(Records from a data source)
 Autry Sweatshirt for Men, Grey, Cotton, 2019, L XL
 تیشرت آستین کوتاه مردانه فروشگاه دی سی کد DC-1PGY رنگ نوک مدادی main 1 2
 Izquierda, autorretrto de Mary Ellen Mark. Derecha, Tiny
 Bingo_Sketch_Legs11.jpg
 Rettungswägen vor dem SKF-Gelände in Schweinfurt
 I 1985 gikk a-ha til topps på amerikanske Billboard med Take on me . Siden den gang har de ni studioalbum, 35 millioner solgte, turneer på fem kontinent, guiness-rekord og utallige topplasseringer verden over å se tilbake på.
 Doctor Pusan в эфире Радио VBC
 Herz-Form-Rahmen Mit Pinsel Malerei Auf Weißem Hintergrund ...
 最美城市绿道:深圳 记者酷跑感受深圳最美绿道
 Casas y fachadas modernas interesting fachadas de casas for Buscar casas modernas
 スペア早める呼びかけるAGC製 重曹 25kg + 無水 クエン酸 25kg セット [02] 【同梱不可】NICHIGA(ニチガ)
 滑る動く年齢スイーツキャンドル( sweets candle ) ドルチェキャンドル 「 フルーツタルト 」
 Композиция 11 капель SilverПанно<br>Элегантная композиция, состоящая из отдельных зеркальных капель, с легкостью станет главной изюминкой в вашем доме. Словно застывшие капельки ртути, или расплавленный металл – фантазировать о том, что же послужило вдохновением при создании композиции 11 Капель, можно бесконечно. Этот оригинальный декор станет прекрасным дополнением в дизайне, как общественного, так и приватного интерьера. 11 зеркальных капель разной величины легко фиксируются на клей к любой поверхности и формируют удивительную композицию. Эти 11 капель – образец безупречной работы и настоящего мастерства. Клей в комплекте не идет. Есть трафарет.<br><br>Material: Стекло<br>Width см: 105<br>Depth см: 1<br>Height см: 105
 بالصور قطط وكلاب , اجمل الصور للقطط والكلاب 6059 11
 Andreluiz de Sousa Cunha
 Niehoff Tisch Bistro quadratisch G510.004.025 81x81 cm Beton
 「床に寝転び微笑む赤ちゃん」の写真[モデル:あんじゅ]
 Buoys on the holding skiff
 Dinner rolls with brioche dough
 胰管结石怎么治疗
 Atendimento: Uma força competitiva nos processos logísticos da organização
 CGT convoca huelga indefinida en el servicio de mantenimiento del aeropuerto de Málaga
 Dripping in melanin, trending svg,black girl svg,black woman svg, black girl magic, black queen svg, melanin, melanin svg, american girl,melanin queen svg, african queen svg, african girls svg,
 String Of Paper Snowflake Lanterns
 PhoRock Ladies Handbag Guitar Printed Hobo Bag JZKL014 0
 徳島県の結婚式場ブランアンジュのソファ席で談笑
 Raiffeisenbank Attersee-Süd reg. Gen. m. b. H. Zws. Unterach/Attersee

◆ Exercise brief: Only one stretch of the data above is needed. Restate it word for word, from the line containing "Doctor Pusan в эфире Радио VBC" through the line containing "滑る動く年齢スイーツキャンドル( sweets candle", both ends included.

◆ Task output:
 Doctor Pusan в эфире Радио VBC
 Herz-Form-Rahmen Mit Pinsel Malerei Auf Weißem Hintergrund ...
 最美城市绿道:深圳 记者酷跑感受深圳最美绿道
 Casas y fachadas modernas interesting fachadas de casas for Buscar casas modernas
 スペア早める呼びかけるAGC製 重曹 25kg + 無水 クエン酸 25kg セット [02] 【同梱不可】NICHIGA(ニチガ)
 滑る動く年齢スイーツキャンドル( sweets candle ) ドルチェキャンドル 「 フルーツタルト 」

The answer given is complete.